Sherrie’s ties to her community run deep. She has lived in Baldwin all her 40 years, and most of her extended family is still there. She works at Baker University, and she and her husband, Kevin, have two children who attend the local schools and play local sports. Baldwin could not be more Sherrie’s town.

So, when fate, in its inexplicable cruelty, pointed its finger in Sherrie’s direction, the community rallied to her side. First, people at Baker and Stephen’s Real Estate, where Sherrie used to work, pitched in more than $3,000 to help offset the costs of her travels to Philadelphia for treatment by a specialist.

Then came the community supper last Wednesday, which was sponsored by the Ives Chapel Methodist Church and was mobilized, in large part, by two of the most determined people on the face of the Earth. Alice Gurley, a longtime resident and Avon lady who knows nearly everyone in town, was at the forefront, along with Myra Glover, who works for Baker’s dean of students and also knows nearly everyone in town.

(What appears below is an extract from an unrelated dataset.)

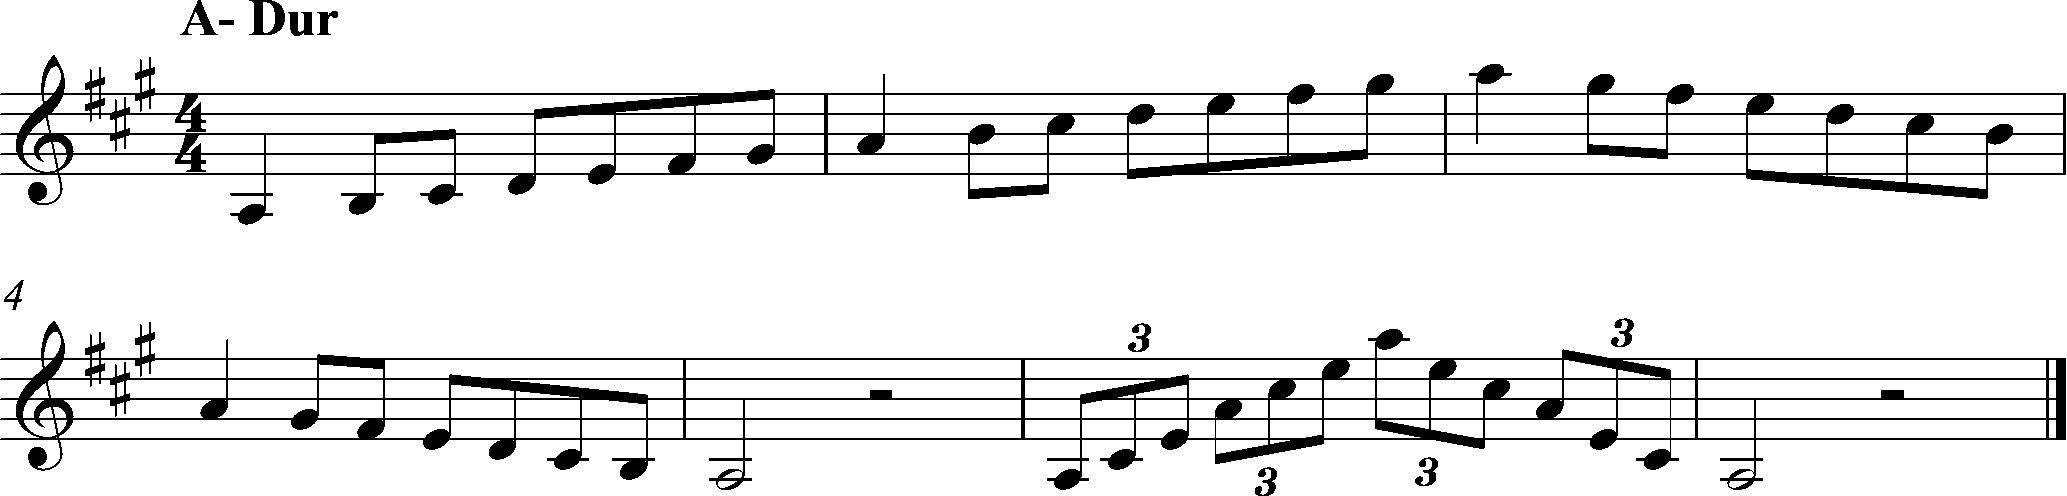 A-Dur, Tonleiter Klarinette

Baker University and the Baldwin City Market donated ingredients, and a squad of cooks, mostly members of the church, made who-knows-how-many gallons of chili and soup.

Members of the church, various clubs and the community at large dropped off so many desserts that the organizers lost count. Legendary baker Eileen Flory made 400 (that’s a four and two zeroes) cinnamon rolls.

The organizers were second-guessing themselves until the last minute. The weather was bad that day, so they rounded up scads of plastic containers in case attendance bombed and they had to sell off the leftovers.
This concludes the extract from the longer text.